Pemerintah harus segera menghentikan program ini untuk mencegah jatuhnya lebih banyak korban dan melakukan evaluasi menyeluruh. Tidak boleh ada lagi nyawa anak Indonesia yang dipertaruhkan demi sebuah program ambisius yang dilakukan secara tergesa-gesa tanpa riset mendalam serta pengawasan memadai.”
Latar belakang
Keracunan makanan melanda anak-anak sekolah di Distrik Depapre, Kabupaten Jayapura, Papua, diduga setelah menyantap makanan dari program MBG (Makan Bergizi Gratis).
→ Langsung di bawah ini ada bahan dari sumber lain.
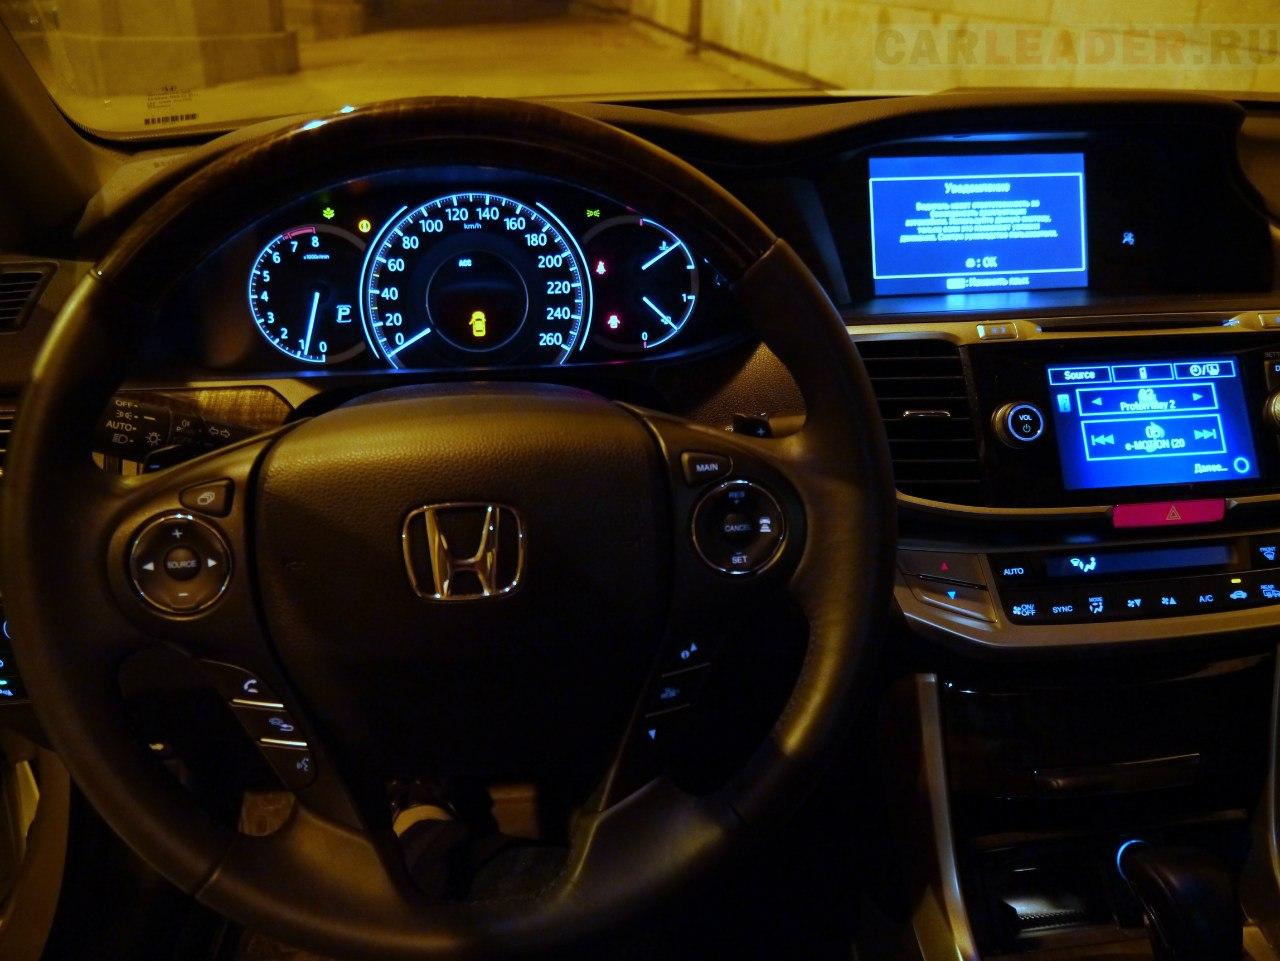 Электроусилитель руля Хонда Аккорд 2013

Laporan media di Papua mengungkapkan jumlah korban keracunan sudah mencapai ratusan orang hingga Selasa malam (05/08).
Kepala Dinas Kesehatan (Dinkes) Kabupaten Jayapura, Anton Mote, kepada media mengungkapkan Pusat Kesehatan Masyarakat (PKM) Depapre sudah tidak dapat lagi menampung pasien baru karena gelombang anak-anak yang diduga keracunan MBG terus berdatangan dari berbagai kampung, hingga berjumlah 150 orang. Sebagian pasien akhirnya diarahkan ke PKM-PKM dan beberapa rumah sakit terdekat.
Para pasien rata-rata mengeluhkan mual, pusing hingga badan lemas. Kepala Dinkes Kabupaten Jayapura mengungkapkan, Satuan Pelayanan Pemenuhan Gizi (SPPG) yang melayani di wilayah Distrik Depapre menyiapkan 1.500 paket atau ompreng makanan bagi satuan pendidikan SD dan SMP yang tersebar di tujuh kampung.
Sebelumnya, pada 28 Juli lalu, setidaknya 120 murid dan guru di sebuah Sekolah Menengah Atas Negeri di Jayapura jatuh sakit setelah menyantap MBG. Kasus dugaan keracunan massal terkait MBG juga terjadi di sebuah Sekolah Menengah Kejuruan Negeri di Semarang, yang menimpa 707 siswa dan guru pada 31 Juli lalu. Sebagian besar korban mengalami pusing, mual, muntah, dan diare.